# '95 Audi 90 Quattro Head gasket replacement -Sorry, search isn't working



## tdreesman (Oct 14, 2009)

Just got my 1st Audi (well not actually, wife's got an '06 A3 DSG) with a blown head gasket. I'm looking for a good place to buy a head gasket set and head bolts for an Audi 90 Quattro 2.8L. Plus any DIY's on head gasket replacement along with torque specs. Any help would be appreciated!!


----------



## VW uber alles (Sep 21, 2003)

*Re: '95 Audi 90 Quattro Head gasket replacement -Sorry, search isn't working (tdreesman)*

Two weeks ago I bought the parts from autohausaz.com .Take a look at the website.Good parts for good prices.

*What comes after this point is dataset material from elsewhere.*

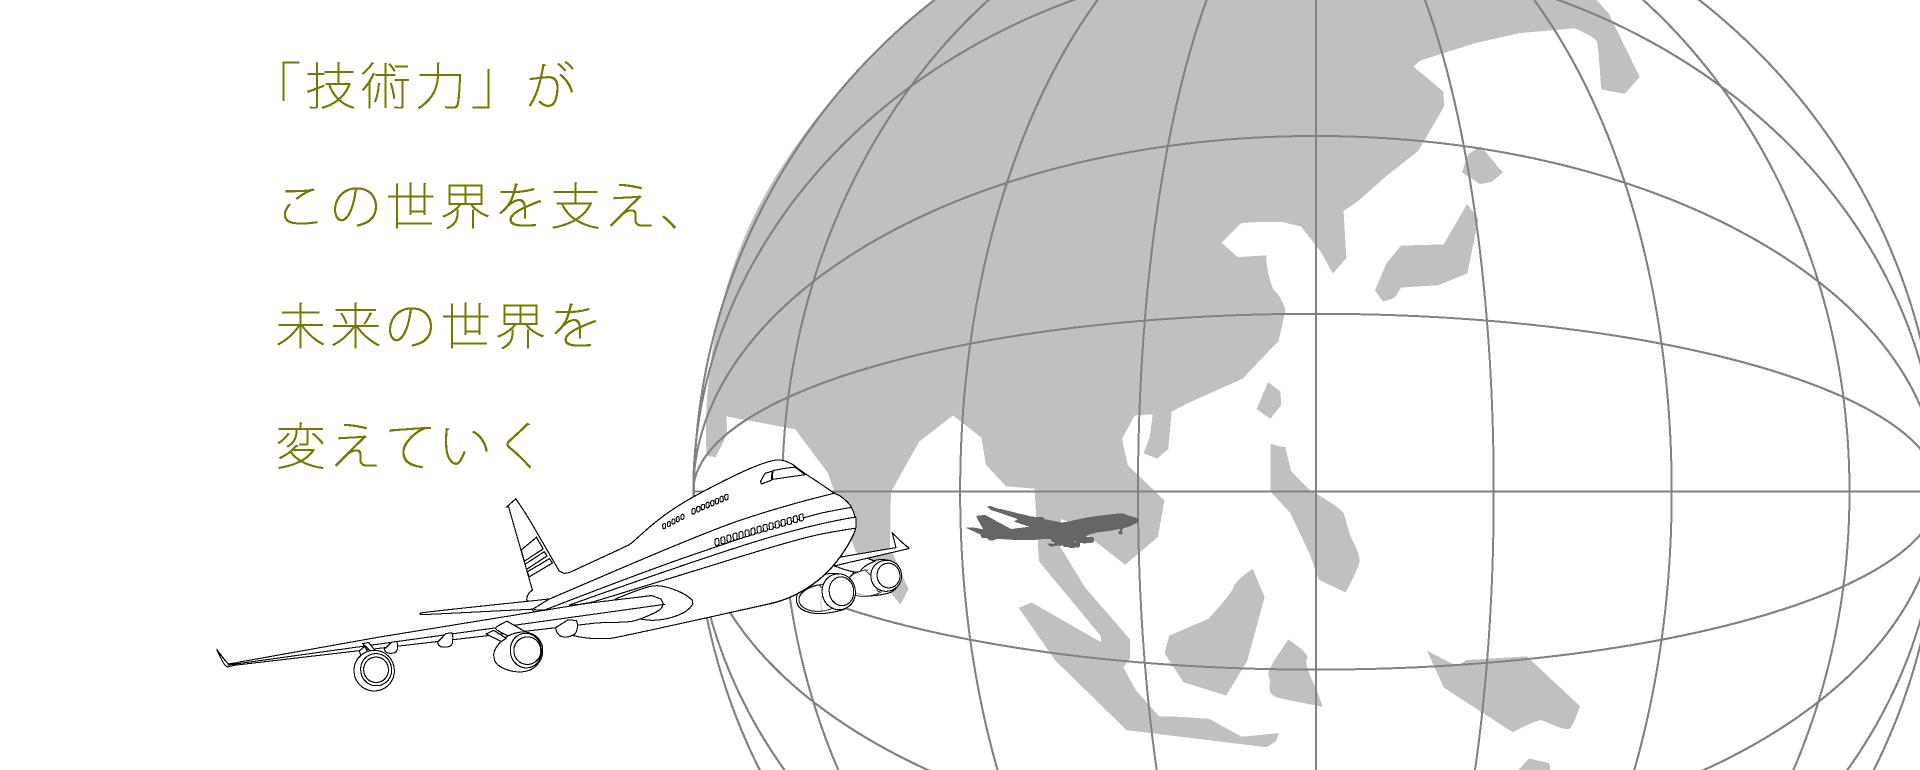 「技術力」がこの世界を支え、未来の世界を変えていく

You can get everything for the head gasket job.Make sure you have a female torx socket to remove the factory head bolts.The number for it is E14,ad also the special tool for instaling the new aftermarket head bolts.You can buy that from germanautoparts.com for like 18$.The torque specs for the cylinder head bolts is :
step 1: 60Nm or 44 lb ft
step 2: 180 degrees or 2x90 for each bolt
Check http://www.12v.org for DIY info.
Good luck and hope this helps.


----------